– Вот уж нет! – она почувствовала, как снова вспыхнуло лицо, и подумала, что хорошо, что мрак зимней ночи скрыл это от её собеседника, – Моё «признание» было ему уже фактически не нужно – ведь он уже знал про результаты допросов цыган. И раскопанные могилы нанятых мной профессиональных убийц! Он, зная мою «гордую» натуру, отлично всё понимал. Что я скорее умру, чем в чём-нибудь этаком признаюсь! Ведь тогда – конец и мне, и моим… Детям! Недостойным венца. Раз от такой матери.
Не-ет, он желал именно – поглумиться, поунижать, и помучить меня! Причём – не лично. А руками моей злейшей врагини! Очень поднаторевшей в смысле подготовки к пыткам и их проведению. И желавшей проверить кое-какие свои придумки – лично.
На практике.
И, разумеется, он хотел, чтоб в конце всех этих адовых мук я сдохла, – она намеренно использовала сейчас это грубое простолюдинское слово, чтоб подчеркнуть истинный смысл произошедшего, – Сдохла, осознавая неизбежность такого финала, и невозможность ничего с этим фактом поделать… И он основал бы новую семью.
Уже с новой королевой. И её наследниками.
Лорд Говард раздумчиво покивал:
– Да, такой вывод напрашивается сам собой. Но всё же… Я не понимаю.

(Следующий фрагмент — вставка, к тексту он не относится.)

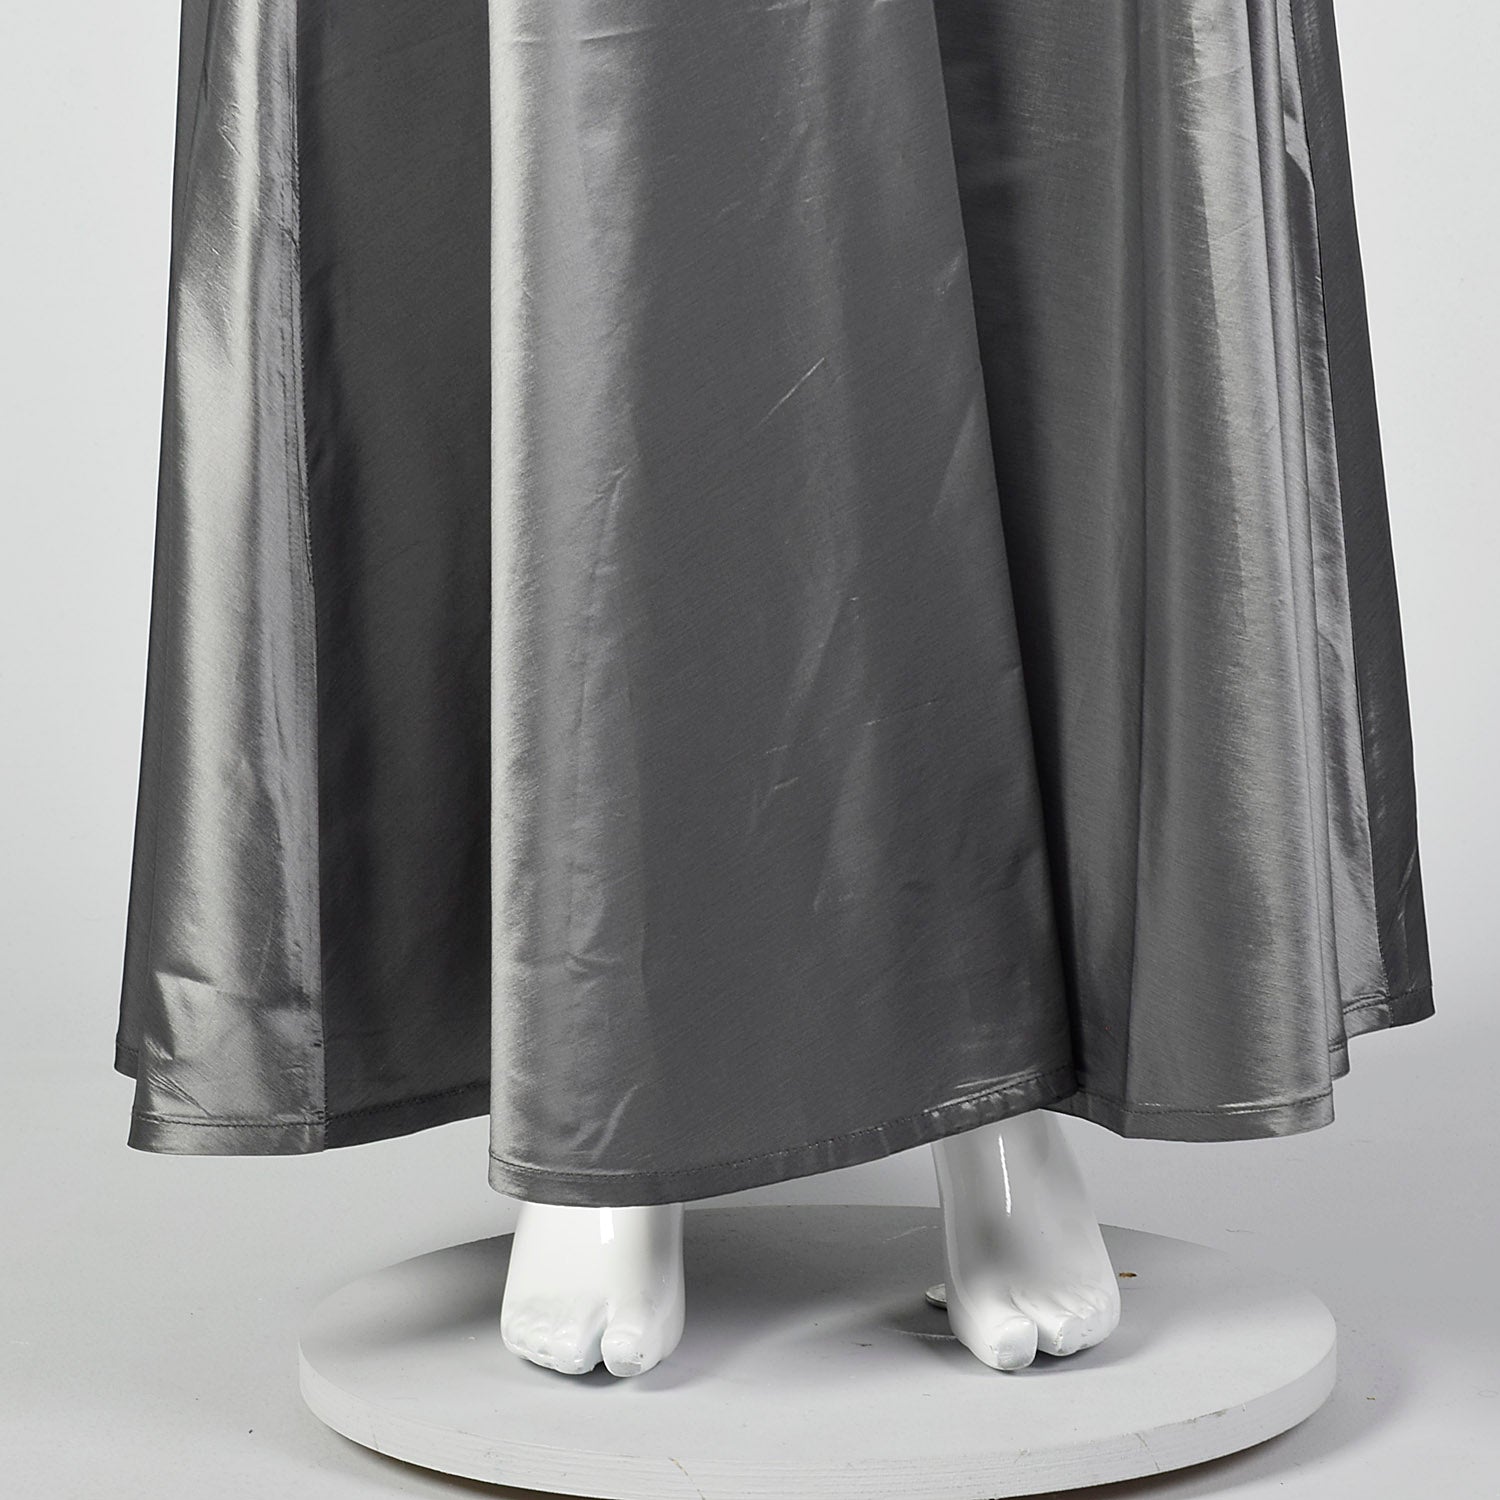 1990s Lord & Taylor Silver Maxi Skirt with Sash

Почему, почему он взял на себя роль… Пусть и не палача, но – руководителя палача?! Вернее – палачихи. Почему он хотел, как вы говорите – поунижать и помучить вас, а не пошёл законным путём? Ведь были же и свидетели, и улики? Почему не стал, скажем, судить? Вполне законно и официально. Ведь можно не сомневаться: все доказательства у него имелись! (Хотя, я, разумеется, понимаю: королевский суд – это процесс долгий.)
Леди Наина ответила после паузы, во время которой едва сдержалась, чтоб не заорать в лицо пожилого ветерана: «Потому что хотел насладиться моими страданиями, возбудиться от них, так, чтоб член звенел, и трахнуться покруче с этой с-сучкой!». Но сдержаться удалось. Она ответила спокойно:
– Вот именно. Долгий. А ему хотелось побыстрее решить все вопросы со мной. Окончательно и радикально. Чтоб не возникало даже возможности сохранить мне жизнь, заточив в подземельях Клауда. И просто избежать таким образом проблем с разводом…
– Ну а тогда почему просто – сразу не убил?!
Почему поступился королевским достоинством, и наплевал на часть, совесть, и элементарную порядочность?! Ведь то, что он сделал… Вот именно – недостойно?!
– Не знаю, милорд, особенно не задумывалась. Впрочем, нет, – поспешила она поправиться, – это неправда. Задумывалась. Но тут могу опереться лишь на свои догадки, – она снова невесело усмехнулась, – И домыслы. Вероятно, его Величество так и не простили мне мой гордый и независимый нрав. И те отказы… Во время беременностей. Но…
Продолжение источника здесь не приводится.